It's these cases where mock classes are particularly useful - because you can
forcefully simluate any behavior from the external service and make sure your
code is working correctly for all the potential circumstances. Having to rely
on divine intervention to trigger some event that may only happen 1% of the
time in the real-world situation is hardly practical. Unfortunately testing in
the wild is often like this - everything works fine 99% of the time.

Even for cases where you're arguing for a fixture with real test data in (from
a database), then the reasonable thing to do is extract this data beforehand
and encode it into the unit testing language (which is fairly trivial to do).
Now you have a reliable test which will continue to work as you update the
code. Testing against live data is giving a false sense of security to begin
with anyway. Imagine the scenario where you have a bunch of data in the
database, you run your unit test against it with all green flags - then after
deployment, somebody inserts into the database a value which your code doesn't
expect. The unit test shouldn't be testing against real world data, but
against data representitive of the possible values it should accept (ie,
include all the obvious edge cases which should fail too, but are not likely
to exist in the real world DB).

------
_pmf_
I'm not sure whether this whole article is just an elaborate troll or if the
author has never worked on anything but the greenest of greenfield
applications.

DI is not a pattern.

The argument that DI breaks encapsulation does not make any sense at all; in
fact, it's an argument in favor of DI, since it cleanly allows configurable
behavior (the alternative requiring some way of configuring the host object to
behave in a certain way using constructor arguments or setters).

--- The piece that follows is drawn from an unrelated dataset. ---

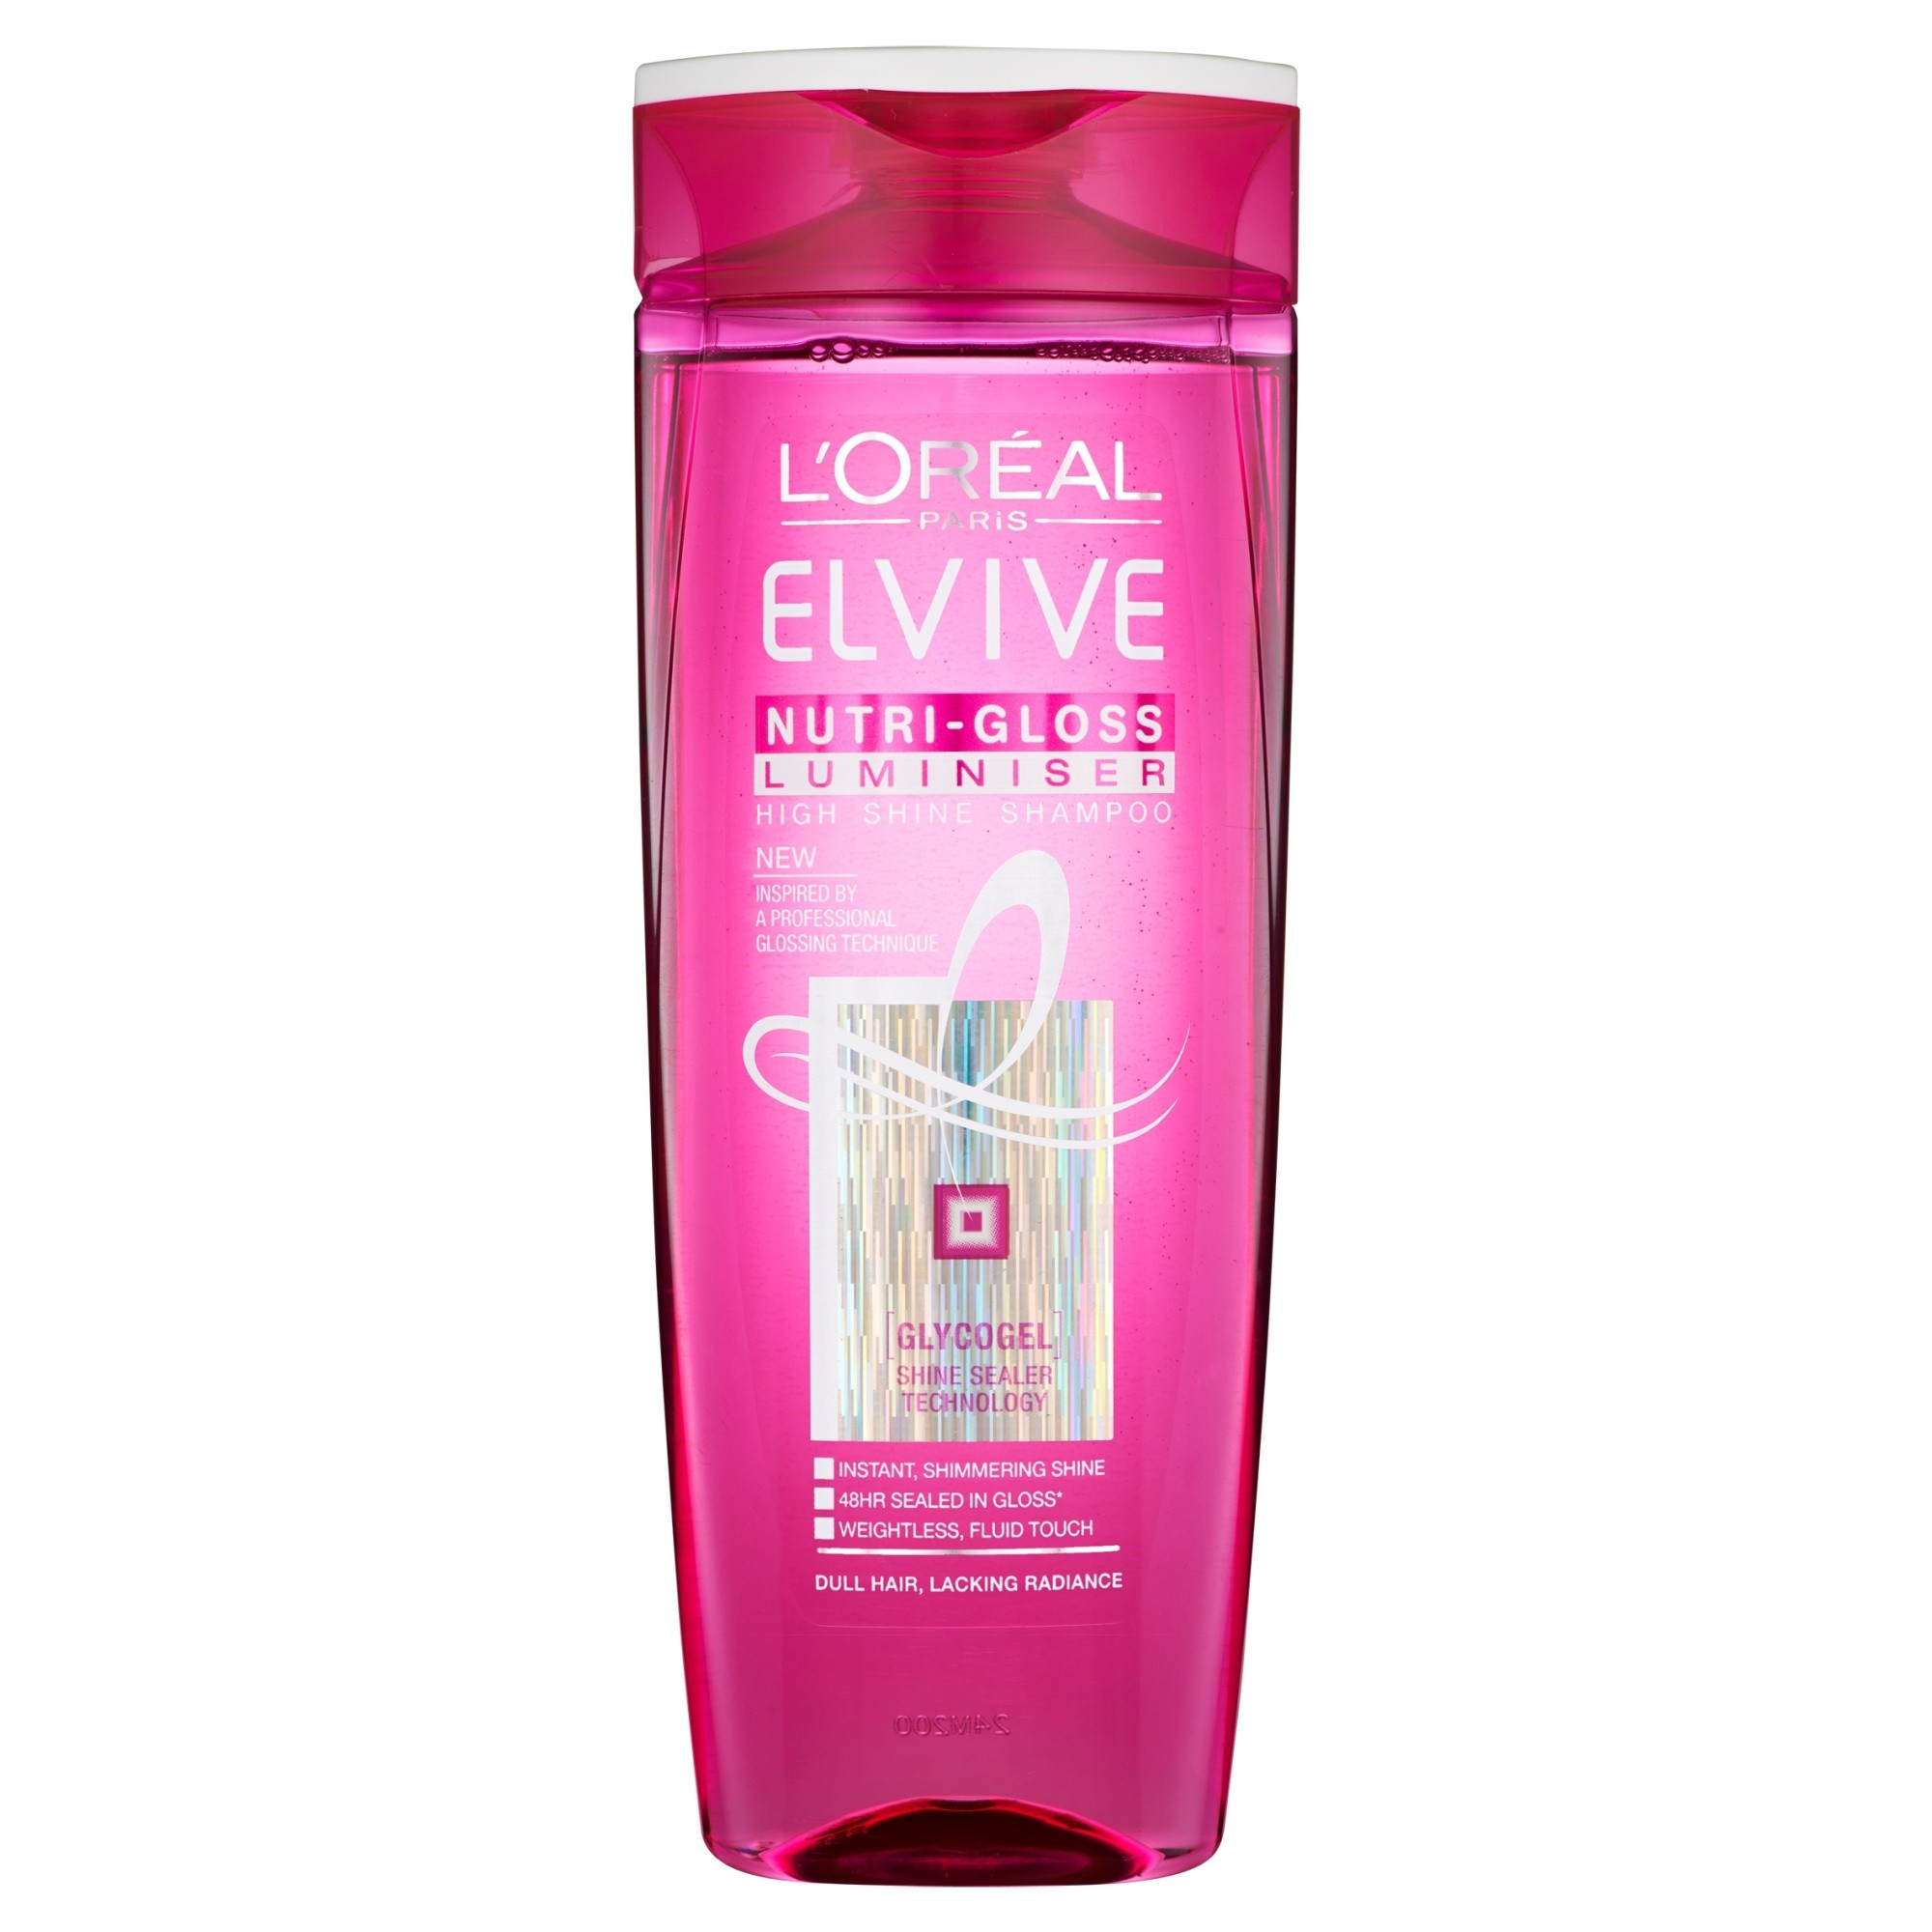 L'Oreal Paris Nutri-Gloss Luminiser High Shine Shampoo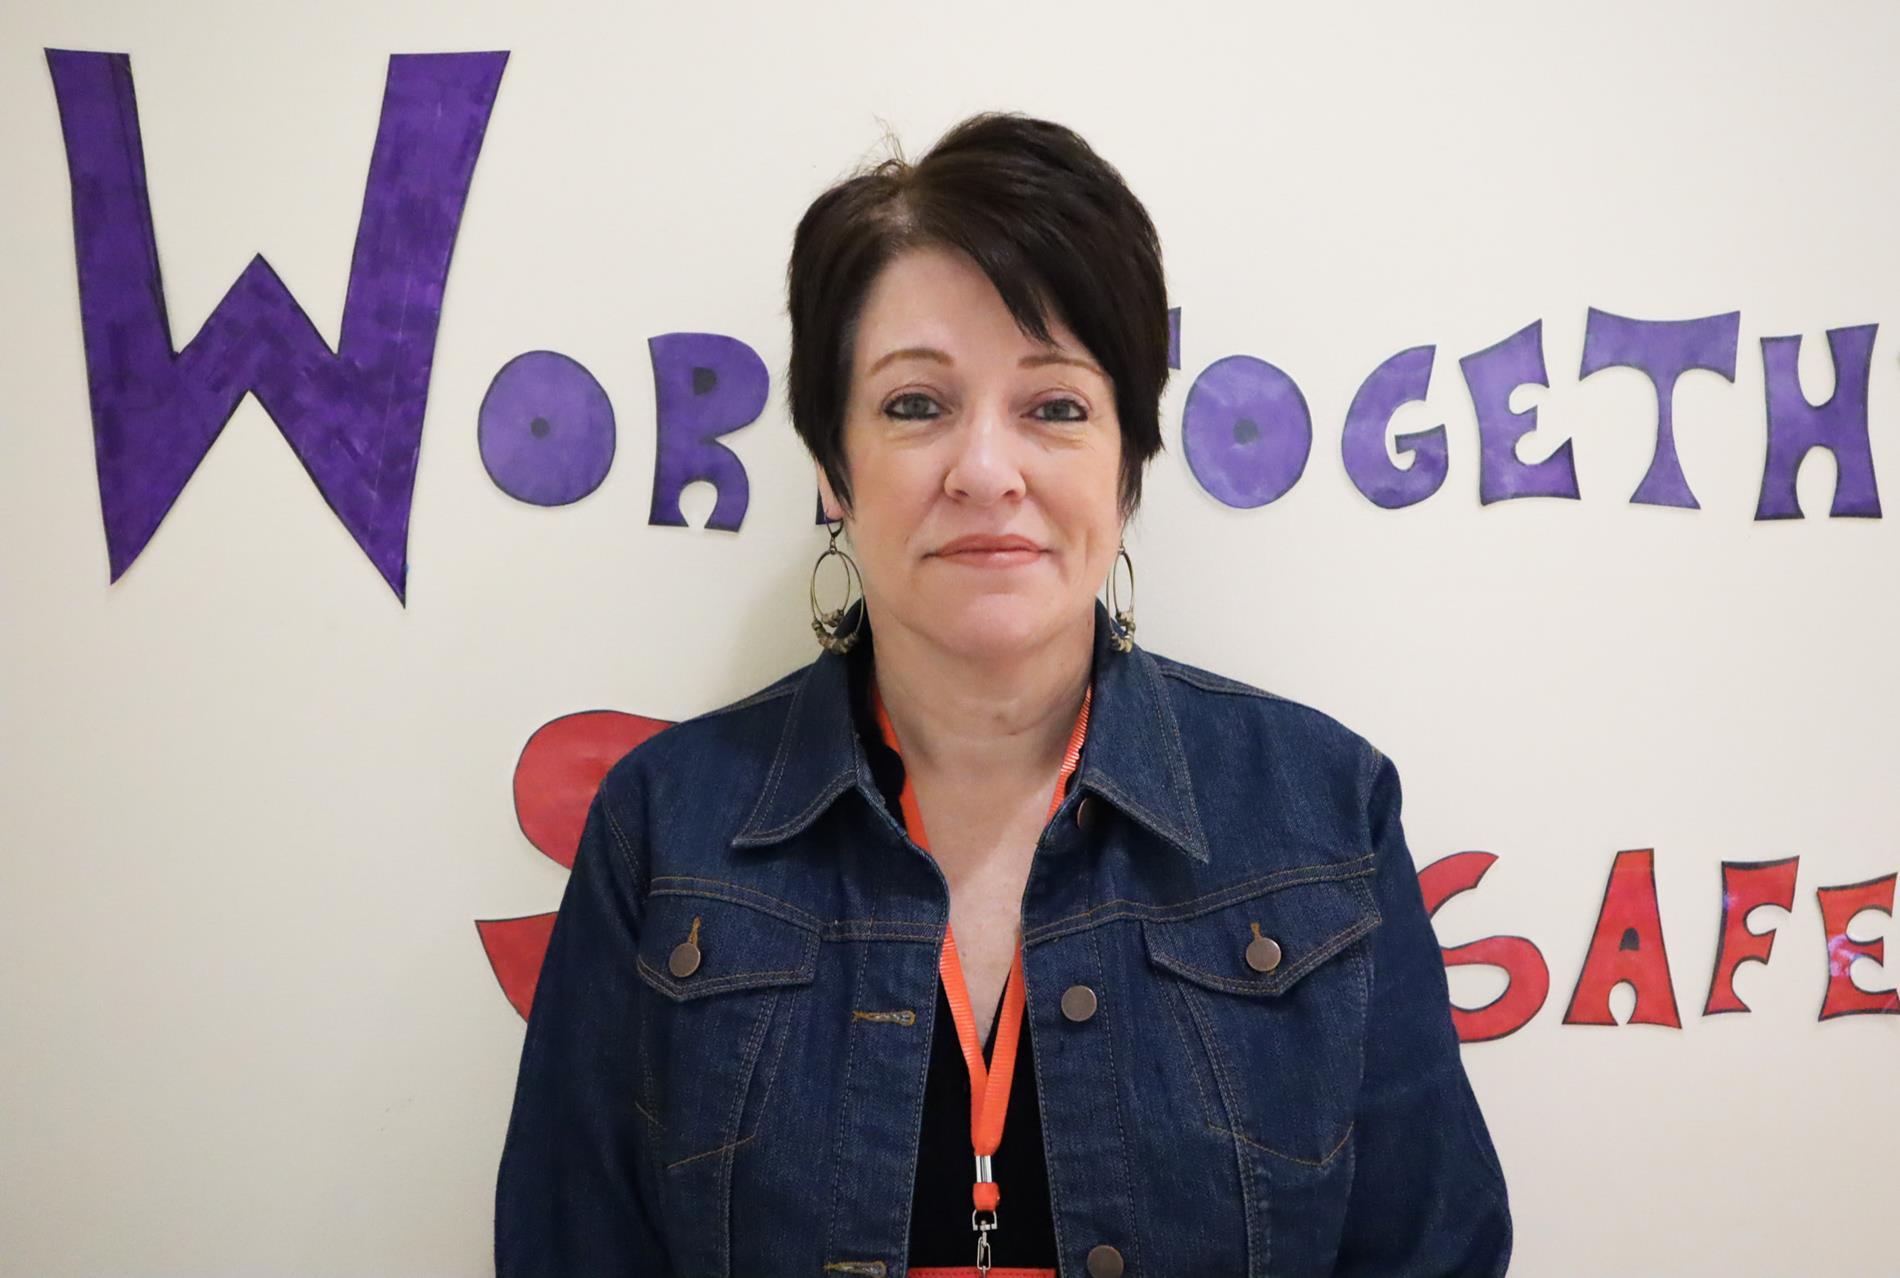 Ms. Ragsdale

Dependency injection is a direct application of coding to interfaces instead
of implementations (or to abstractions). In the absence of polymorphic
constructions, the only way to achieve this is to either inject the dependency
or a factory for the dependency.

------
pornel
The article is overly dramatic about DI. Parts of it sound like a mere "get
off my lawn!" rant against OOP in general (godwinning just few paragraphs in).

There's praise for the Singleton antipattern, variables with an "obj" prefix
as if objects were an odd thing to watch out for. There's an example of
polymorphism achieved by setting a global variable before including a script.
PHP (v4!) written like that would be icky even in 2011.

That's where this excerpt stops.